Given information>
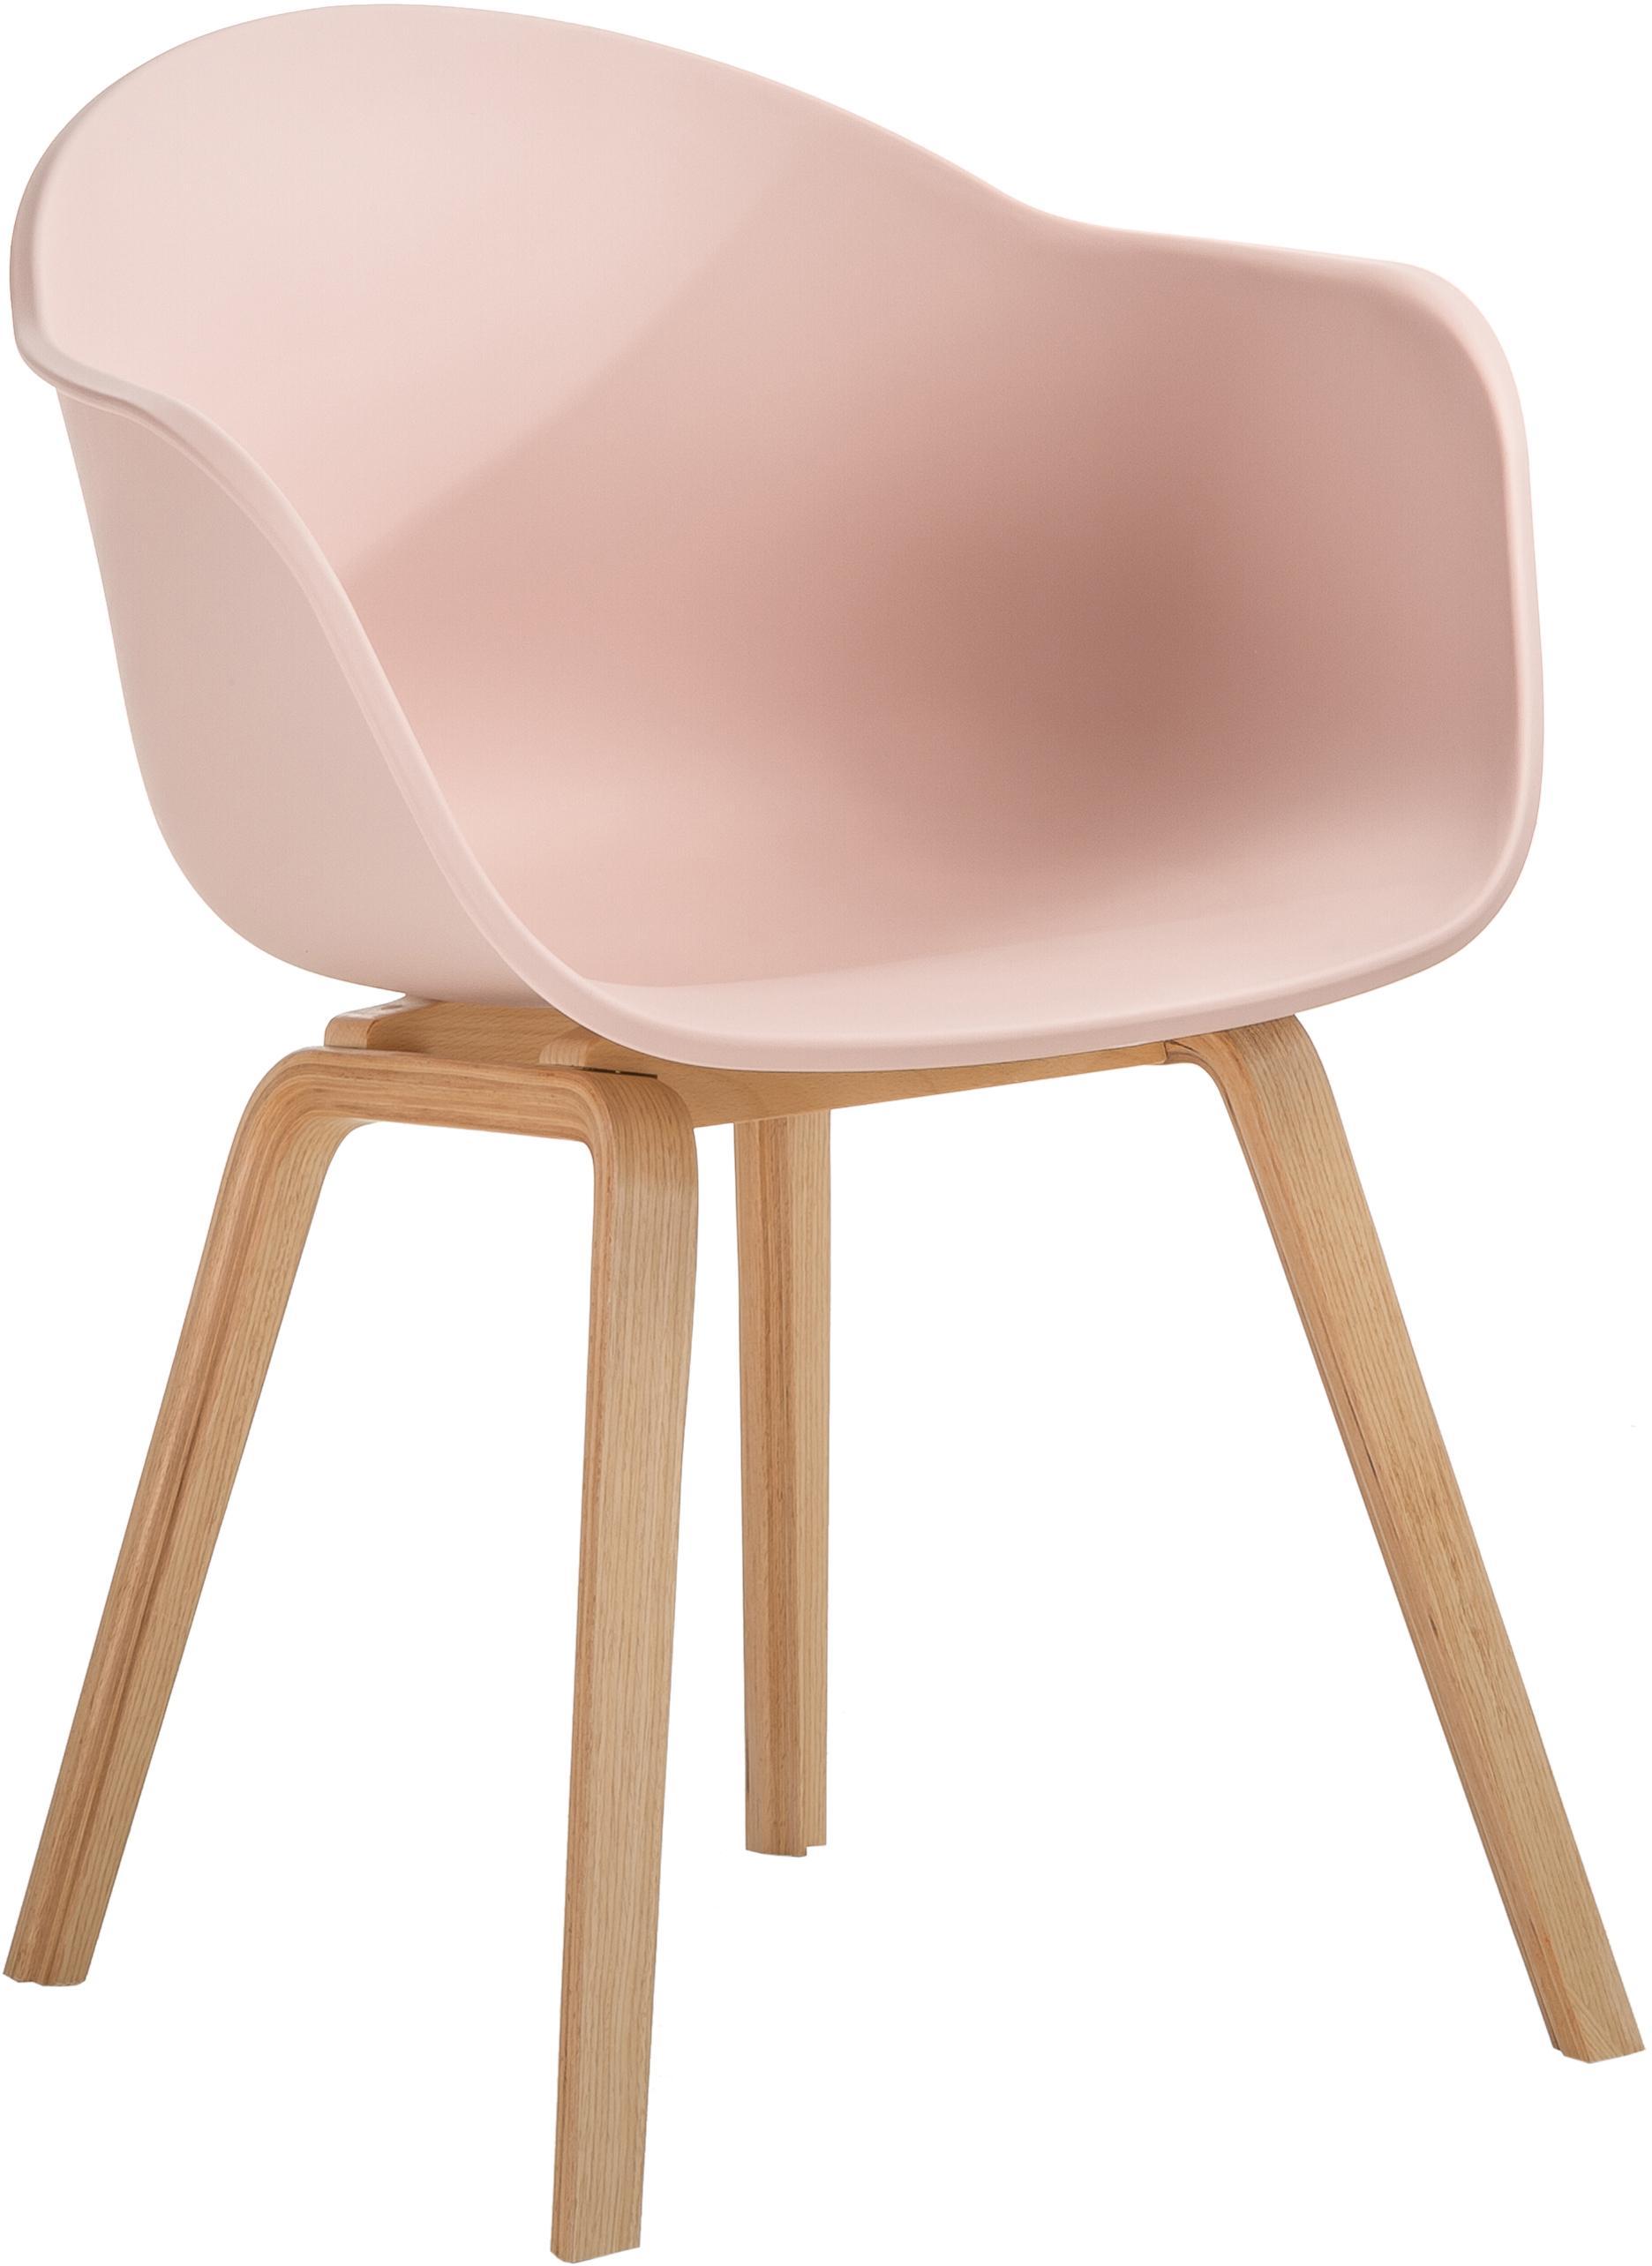 Silla con reposabrazos Claire, Asiento: plástico, Patas: madera de haya, Asiento: rosa Patas: madera de haya, An 61 x F 58 cm
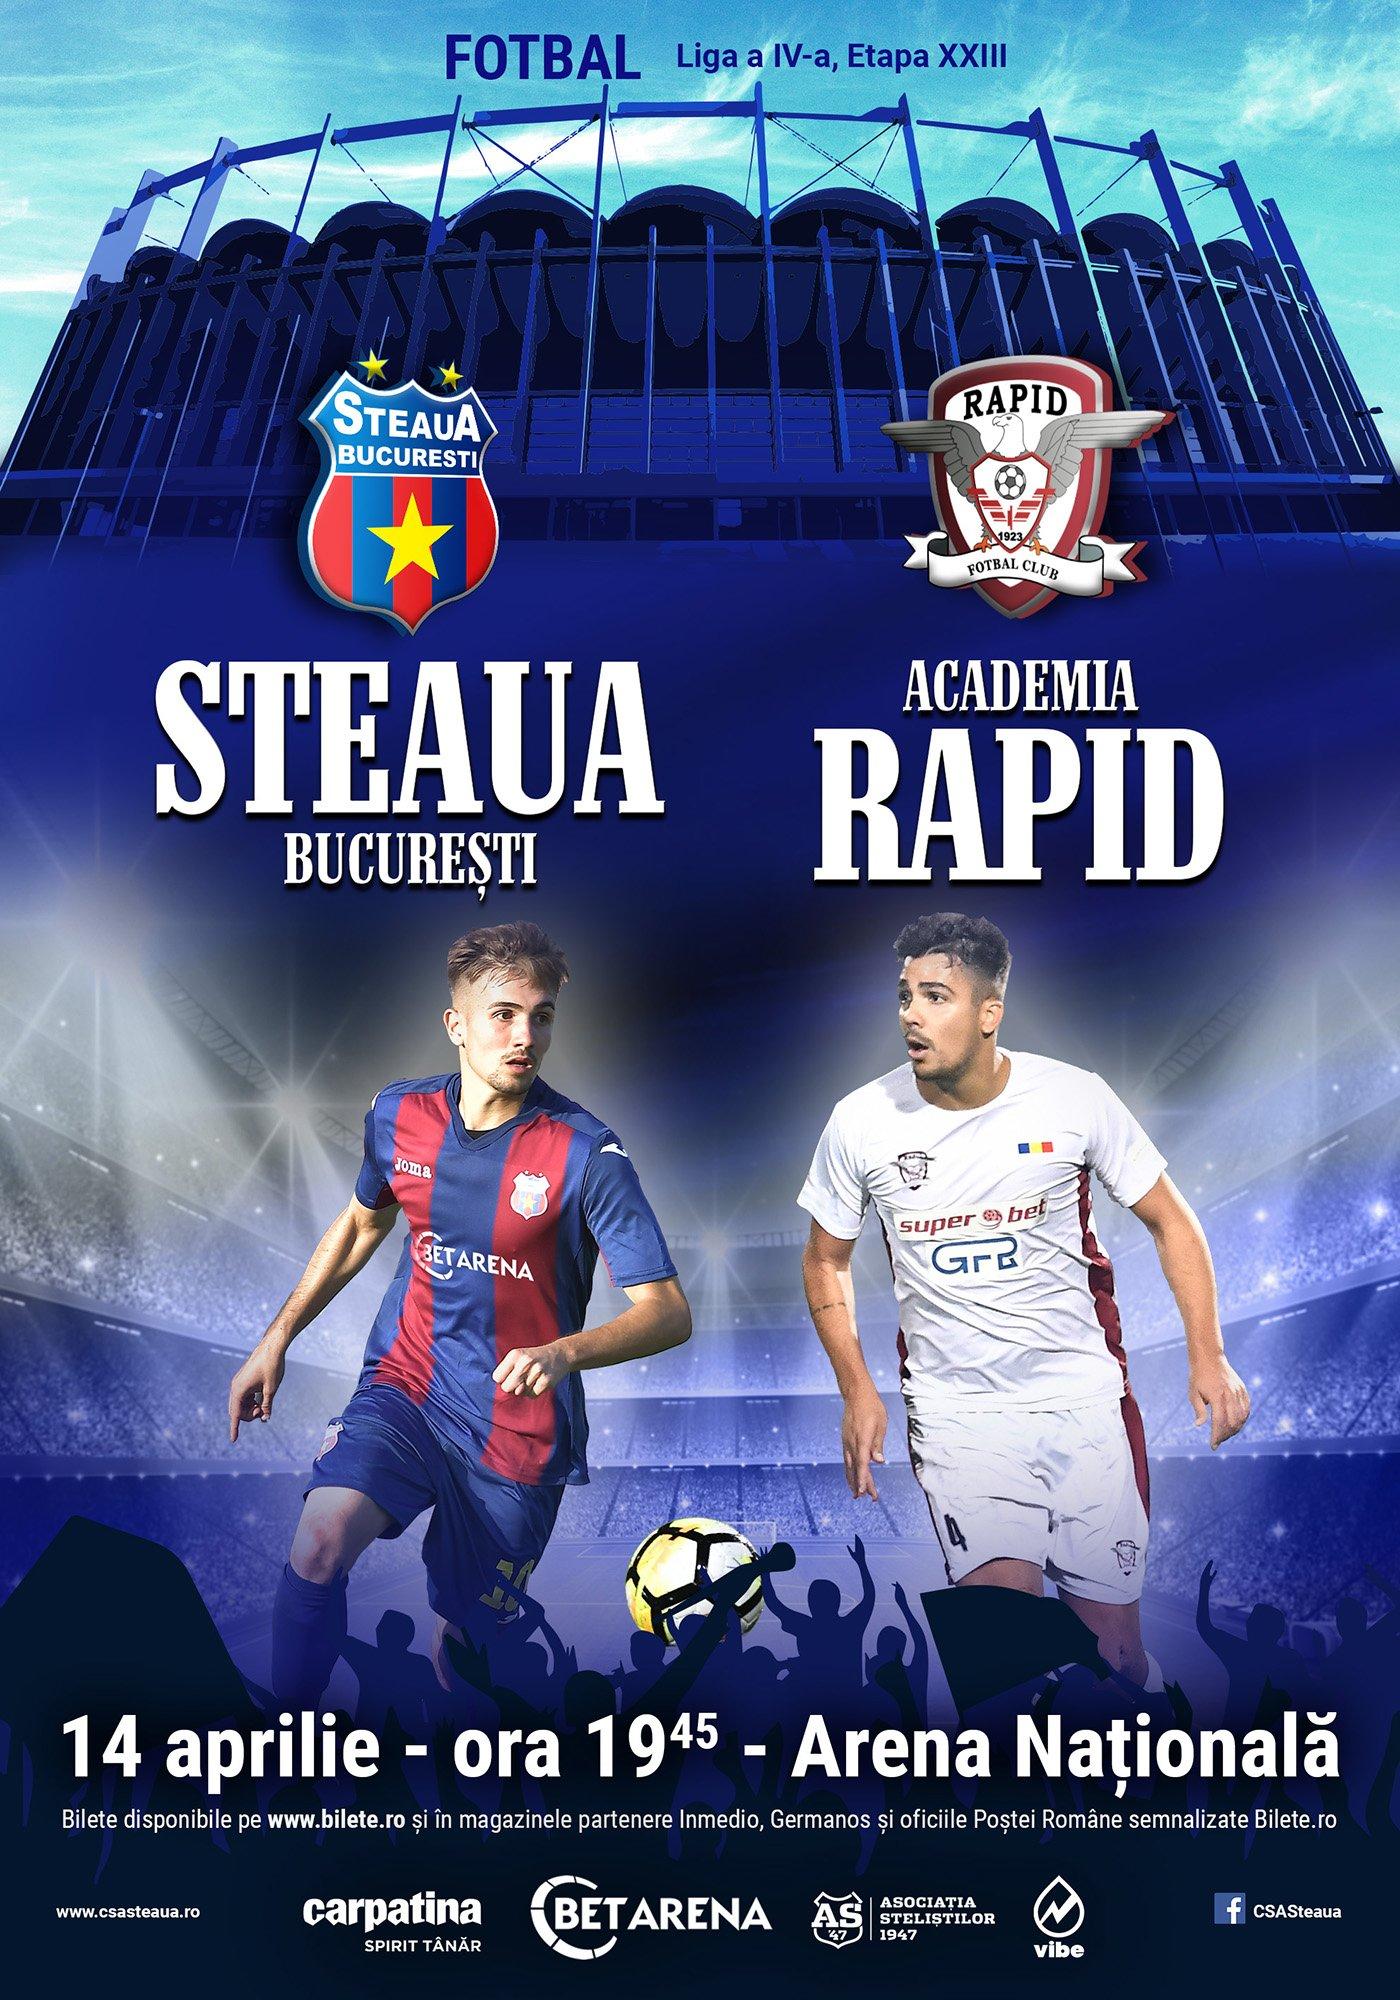 CSA Steaua București (football) - Wikipedia  |Csa Steaua
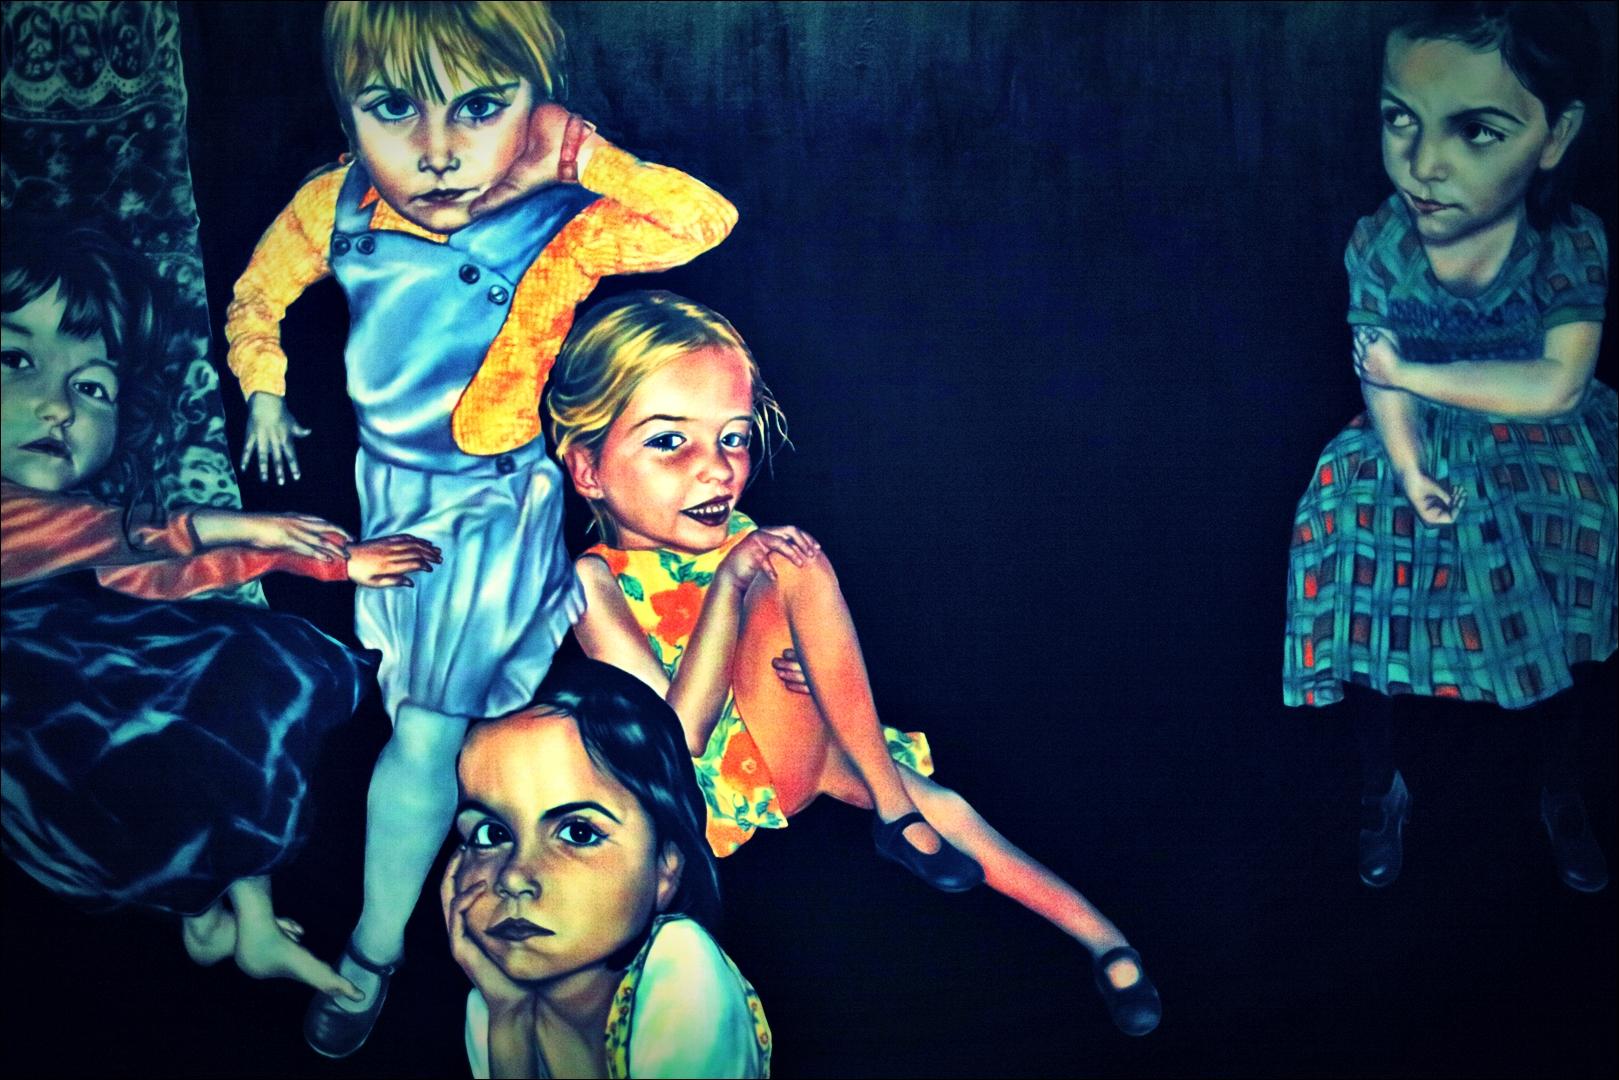 아이들-'베라르도 현대미술관 Berardo Museum of Modern and Contemporary Art'

Exercise goal>
All that is needed is the span from the line with "CSA Steaua București" through the last line of the material above, reproduced exactly and free of pictures.

Exercise answer>
 CSA Steaua București (football) - Wikipedia  |Csa Steaua
 아이들-'베라르도 현대미술관 Berardo Museum of Modern and Contemporary Art'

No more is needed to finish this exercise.